• Assignment:
Here is a block of entries. Write out its lines exactly, from the first through the one containing "Les jeunes gens".

• Stored records:
━━━━━━━━
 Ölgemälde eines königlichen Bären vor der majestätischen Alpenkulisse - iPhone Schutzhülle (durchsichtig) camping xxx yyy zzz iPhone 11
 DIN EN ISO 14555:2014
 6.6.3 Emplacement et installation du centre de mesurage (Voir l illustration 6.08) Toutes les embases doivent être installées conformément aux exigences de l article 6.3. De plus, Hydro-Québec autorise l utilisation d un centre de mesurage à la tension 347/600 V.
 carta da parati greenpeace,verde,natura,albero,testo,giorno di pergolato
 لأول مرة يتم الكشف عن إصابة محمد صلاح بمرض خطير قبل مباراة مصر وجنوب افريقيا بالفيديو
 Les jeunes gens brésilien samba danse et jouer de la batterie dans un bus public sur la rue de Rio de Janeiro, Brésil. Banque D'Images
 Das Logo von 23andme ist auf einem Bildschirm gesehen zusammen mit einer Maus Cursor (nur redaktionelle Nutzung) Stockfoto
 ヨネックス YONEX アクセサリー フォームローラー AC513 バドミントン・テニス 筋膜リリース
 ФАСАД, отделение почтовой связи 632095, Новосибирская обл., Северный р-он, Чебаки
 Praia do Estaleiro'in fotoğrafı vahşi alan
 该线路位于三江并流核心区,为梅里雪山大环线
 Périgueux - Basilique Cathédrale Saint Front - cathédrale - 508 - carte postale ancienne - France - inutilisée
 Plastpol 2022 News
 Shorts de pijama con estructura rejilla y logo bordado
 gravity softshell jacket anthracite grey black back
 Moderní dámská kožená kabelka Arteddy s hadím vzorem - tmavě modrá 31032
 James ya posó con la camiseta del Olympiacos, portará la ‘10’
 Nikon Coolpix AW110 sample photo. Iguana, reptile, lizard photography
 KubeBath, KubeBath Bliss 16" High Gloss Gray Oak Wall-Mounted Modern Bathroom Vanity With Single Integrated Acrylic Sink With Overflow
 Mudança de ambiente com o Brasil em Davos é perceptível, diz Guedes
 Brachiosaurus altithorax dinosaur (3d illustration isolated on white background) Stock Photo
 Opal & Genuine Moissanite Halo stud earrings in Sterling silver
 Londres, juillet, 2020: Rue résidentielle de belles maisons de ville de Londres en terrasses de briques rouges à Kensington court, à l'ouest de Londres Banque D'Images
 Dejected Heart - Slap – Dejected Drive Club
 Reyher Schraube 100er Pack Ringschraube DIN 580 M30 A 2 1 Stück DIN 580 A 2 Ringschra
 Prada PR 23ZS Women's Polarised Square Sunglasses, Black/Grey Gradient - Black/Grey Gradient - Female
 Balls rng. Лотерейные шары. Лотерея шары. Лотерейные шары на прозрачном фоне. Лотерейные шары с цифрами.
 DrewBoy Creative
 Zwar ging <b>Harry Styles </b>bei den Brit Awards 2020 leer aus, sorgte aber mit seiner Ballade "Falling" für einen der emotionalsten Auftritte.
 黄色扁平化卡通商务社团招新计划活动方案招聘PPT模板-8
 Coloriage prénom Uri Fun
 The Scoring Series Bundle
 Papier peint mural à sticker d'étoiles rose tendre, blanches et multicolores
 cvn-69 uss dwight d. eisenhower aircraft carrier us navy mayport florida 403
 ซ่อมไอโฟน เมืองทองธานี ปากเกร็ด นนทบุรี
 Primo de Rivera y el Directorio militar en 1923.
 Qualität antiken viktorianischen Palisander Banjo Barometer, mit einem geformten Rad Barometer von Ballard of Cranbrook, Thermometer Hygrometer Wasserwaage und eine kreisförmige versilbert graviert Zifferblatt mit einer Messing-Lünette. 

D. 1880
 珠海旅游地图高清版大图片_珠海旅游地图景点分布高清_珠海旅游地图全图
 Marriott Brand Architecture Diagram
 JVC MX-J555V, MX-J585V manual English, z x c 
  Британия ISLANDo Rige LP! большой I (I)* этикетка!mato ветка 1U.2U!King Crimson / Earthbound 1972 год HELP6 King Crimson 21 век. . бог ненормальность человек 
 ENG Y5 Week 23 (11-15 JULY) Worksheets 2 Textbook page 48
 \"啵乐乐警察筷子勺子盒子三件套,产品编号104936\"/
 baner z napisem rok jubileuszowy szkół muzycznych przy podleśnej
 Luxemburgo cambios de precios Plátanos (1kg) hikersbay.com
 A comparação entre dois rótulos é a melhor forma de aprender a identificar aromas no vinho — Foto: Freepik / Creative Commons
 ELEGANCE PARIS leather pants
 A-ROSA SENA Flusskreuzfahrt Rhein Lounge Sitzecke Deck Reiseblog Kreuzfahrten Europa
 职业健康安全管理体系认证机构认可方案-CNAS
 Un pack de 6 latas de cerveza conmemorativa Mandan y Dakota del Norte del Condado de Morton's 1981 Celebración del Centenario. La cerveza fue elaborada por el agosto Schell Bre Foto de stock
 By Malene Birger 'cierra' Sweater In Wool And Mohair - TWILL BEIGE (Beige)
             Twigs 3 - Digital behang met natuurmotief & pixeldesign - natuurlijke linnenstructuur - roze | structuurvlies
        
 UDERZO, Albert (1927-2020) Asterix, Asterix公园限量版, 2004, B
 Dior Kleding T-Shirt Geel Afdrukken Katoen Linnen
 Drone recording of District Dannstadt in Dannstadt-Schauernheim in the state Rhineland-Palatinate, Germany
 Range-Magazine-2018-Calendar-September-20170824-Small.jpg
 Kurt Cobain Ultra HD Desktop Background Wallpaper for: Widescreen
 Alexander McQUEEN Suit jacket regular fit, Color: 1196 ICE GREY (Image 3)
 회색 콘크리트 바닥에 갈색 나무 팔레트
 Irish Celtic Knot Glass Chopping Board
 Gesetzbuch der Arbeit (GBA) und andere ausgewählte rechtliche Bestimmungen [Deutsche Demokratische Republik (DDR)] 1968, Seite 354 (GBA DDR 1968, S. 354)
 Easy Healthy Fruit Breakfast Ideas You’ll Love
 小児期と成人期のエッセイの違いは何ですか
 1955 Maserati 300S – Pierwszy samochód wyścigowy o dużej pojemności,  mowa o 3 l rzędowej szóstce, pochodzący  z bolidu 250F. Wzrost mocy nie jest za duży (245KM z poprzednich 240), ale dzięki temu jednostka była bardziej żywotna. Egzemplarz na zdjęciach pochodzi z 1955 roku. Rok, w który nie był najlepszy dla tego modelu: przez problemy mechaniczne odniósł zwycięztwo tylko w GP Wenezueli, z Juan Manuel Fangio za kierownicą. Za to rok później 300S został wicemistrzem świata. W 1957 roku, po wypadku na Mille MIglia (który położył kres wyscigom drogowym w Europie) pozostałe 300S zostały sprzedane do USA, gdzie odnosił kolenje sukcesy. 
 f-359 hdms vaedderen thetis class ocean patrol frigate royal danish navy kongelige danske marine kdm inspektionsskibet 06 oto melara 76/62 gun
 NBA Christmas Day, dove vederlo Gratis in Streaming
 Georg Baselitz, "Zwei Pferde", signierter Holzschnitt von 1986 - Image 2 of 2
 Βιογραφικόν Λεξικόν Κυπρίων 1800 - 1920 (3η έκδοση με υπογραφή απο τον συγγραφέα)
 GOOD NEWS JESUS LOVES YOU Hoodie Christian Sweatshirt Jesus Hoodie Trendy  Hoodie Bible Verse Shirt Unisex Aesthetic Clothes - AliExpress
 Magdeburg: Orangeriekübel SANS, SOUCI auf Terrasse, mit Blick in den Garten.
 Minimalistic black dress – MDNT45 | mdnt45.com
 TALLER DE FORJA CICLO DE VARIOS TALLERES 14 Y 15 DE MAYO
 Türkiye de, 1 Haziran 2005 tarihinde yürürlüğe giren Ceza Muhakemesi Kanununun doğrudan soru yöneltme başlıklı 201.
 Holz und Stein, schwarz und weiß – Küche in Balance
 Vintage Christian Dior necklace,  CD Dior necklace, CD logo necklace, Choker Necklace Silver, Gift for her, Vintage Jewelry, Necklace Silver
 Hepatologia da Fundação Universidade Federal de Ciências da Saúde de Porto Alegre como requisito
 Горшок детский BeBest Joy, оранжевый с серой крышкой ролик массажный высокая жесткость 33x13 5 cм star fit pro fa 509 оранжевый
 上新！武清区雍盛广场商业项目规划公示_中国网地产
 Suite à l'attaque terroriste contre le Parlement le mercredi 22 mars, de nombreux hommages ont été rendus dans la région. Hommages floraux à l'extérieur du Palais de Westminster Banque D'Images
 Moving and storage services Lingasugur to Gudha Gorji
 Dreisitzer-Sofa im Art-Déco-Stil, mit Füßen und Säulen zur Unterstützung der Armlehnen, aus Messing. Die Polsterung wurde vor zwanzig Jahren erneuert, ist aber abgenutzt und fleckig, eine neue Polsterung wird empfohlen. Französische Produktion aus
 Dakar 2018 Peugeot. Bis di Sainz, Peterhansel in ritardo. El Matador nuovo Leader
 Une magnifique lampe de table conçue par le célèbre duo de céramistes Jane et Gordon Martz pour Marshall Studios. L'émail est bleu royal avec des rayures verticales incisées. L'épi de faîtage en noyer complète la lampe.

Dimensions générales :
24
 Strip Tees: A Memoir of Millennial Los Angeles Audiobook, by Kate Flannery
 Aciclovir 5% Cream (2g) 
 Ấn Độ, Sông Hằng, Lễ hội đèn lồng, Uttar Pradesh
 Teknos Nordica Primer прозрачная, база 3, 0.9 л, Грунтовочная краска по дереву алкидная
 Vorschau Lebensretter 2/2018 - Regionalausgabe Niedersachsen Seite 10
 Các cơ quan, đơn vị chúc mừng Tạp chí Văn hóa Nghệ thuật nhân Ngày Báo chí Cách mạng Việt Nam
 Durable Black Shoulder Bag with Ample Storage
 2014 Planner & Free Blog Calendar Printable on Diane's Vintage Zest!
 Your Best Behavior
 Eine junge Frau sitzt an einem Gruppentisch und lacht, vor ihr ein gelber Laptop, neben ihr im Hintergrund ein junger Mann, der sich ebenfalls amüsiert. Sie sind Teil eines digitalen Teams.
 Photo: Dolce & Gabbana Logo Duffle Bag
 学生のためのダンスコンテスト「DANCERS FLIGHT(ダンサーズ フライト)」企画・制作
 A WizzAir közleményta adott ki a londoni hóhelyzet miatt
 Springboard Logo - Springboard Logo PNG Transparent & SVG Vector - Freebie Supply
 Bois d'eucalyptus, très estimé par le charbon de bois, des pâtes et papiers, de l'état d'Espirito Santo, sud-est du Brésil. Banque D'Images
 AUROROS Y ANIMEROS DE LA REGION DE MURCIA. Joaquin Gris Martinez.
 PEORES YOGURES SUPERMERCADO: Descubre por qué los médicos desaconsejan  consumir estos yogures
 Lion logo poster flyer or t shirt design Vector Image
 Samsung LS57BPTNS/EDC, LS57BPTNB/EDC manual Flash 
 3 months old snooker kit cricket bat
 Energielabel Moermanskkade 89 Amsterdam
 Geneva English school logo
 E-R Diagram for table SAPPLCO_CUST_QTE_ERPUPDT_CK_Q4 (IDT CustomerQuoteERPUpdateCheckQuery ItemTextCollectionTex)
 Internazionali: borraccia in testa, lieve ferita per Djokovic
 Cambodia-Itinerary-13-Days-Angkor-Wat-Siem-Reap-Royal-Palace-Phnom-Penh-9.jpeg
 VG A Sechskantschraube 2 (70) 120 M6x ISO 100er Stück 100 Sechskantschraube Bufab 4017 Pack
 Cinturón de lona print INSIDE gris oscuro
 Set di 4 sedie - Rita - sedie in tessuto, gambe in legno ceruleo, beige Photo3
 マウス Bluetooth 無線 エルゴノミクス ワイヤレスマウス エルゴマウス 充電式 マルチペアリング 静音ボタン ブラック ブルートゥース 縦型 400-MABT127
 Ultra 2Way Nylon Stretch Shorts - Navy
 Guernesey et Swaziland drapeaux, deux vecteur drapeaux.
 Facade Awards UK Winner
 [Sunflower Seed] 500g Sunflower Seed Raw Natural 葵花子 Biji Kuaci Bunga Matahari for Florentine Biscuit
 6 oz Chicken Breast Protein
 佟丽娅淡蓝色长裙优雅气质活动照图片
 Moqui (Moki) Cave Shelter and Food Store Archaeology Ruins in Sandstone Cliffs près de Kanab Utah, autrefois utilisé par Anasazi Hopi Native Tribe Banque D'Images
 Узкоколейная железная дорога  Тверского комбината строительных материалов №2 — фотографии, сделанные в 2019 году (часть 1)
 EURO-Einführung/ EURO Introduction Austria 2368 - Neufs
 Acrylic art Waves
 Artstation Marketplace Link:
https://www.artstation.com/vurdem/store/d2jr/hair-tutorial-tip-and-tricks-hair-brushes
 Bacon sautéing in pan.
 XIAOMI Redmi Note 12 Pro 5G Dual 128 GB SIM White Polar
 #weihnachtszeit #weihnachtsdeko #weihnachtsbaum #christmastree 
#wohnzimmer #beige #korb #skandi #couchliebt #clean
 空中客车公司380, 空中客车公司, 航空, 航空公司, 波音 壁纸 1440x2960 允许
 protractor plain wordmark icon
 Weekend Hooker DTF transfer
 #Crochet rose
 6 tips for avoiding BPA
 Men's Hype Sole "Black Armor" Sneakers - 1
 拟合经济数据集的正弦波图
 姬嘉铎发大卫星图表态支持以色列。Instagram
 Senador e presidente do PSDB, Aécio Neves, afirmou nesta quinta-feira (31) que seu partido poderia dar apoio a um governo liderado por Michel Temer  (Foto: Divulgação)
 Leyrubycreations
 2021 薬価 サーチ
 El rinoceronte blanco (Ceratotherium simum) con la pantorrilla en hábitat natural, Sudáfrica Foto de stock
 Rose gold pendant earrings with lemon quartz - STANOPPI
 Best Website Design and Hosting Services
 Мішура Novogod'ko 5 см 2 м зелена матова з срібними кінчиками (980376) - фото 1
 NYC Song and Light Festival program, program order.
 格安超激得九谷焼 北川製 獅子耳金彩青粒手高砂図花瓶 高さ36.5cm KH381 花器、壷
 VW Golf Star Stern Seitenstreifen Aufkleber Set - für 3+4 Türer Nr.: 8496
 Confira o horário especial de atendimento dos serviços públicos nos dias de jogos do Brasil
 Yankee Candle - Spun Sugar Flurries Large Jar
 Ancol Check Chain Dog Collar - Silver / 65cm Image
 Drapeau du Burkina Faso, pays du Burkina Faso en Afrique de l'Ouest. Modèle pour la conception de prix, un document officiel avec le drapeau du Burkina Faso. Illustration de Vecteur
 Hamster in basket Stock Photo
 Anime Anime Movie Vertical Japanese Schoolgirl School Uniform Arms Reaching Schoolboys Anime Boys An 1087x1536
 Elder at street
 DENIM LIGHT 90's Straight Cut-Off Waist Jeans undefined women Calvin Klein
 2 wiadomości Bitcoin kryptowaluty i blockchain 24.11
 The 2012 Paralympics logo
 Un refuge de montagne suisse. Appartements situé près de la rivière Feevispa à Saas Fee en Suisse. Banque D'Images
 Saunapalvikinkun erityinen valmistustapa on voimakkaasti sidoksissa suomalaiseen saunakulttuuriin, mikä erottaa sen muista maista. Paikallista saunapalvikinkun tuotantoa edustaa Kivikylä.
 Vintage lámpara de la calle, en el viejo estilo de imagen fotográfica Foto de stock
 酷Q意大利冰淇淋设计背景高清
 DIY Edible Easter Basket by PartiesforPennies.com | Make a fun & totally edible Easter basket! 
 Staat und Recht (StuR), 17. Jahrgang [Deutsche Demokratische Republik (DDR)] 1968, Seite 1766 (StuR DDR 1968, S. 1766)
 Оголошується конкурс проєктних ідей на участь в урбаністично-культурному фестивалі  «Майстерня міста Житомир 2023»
━━━━━━━━
• Exercise response:
 Ölgemälde eines königlichen Bären vor der majestätischen Alpenkulisse - iPhone Schutzhülle (durchsichtig) camping xxx yyy zzz iPhone 11
 DIN EN ISO 14555:2014
 6.6.3 Emplacement et installation du centre de mesurage (Voir l illustration 6.08) Toutes les embases doivent être installées conformément aux exigences de l article 6.3. De plus, Hydro-Québec autorise l utilisation d un centre de mesurage à la tension 347/600 V.
 carta da parati greenpeace,verde,natura,albero,testo,giorno di pergolato
 لأول مرة يتم الكشف عن إصابة محمد صلاح بمرض خطير قبل مباراة مصر وجنوب افريقيا بالفيديو
 Les jeunes gens brésilien samba danse et jouer de la batterie dans un bus public sur la rue de Rio de Janeiro, Brésil. Banque D'Images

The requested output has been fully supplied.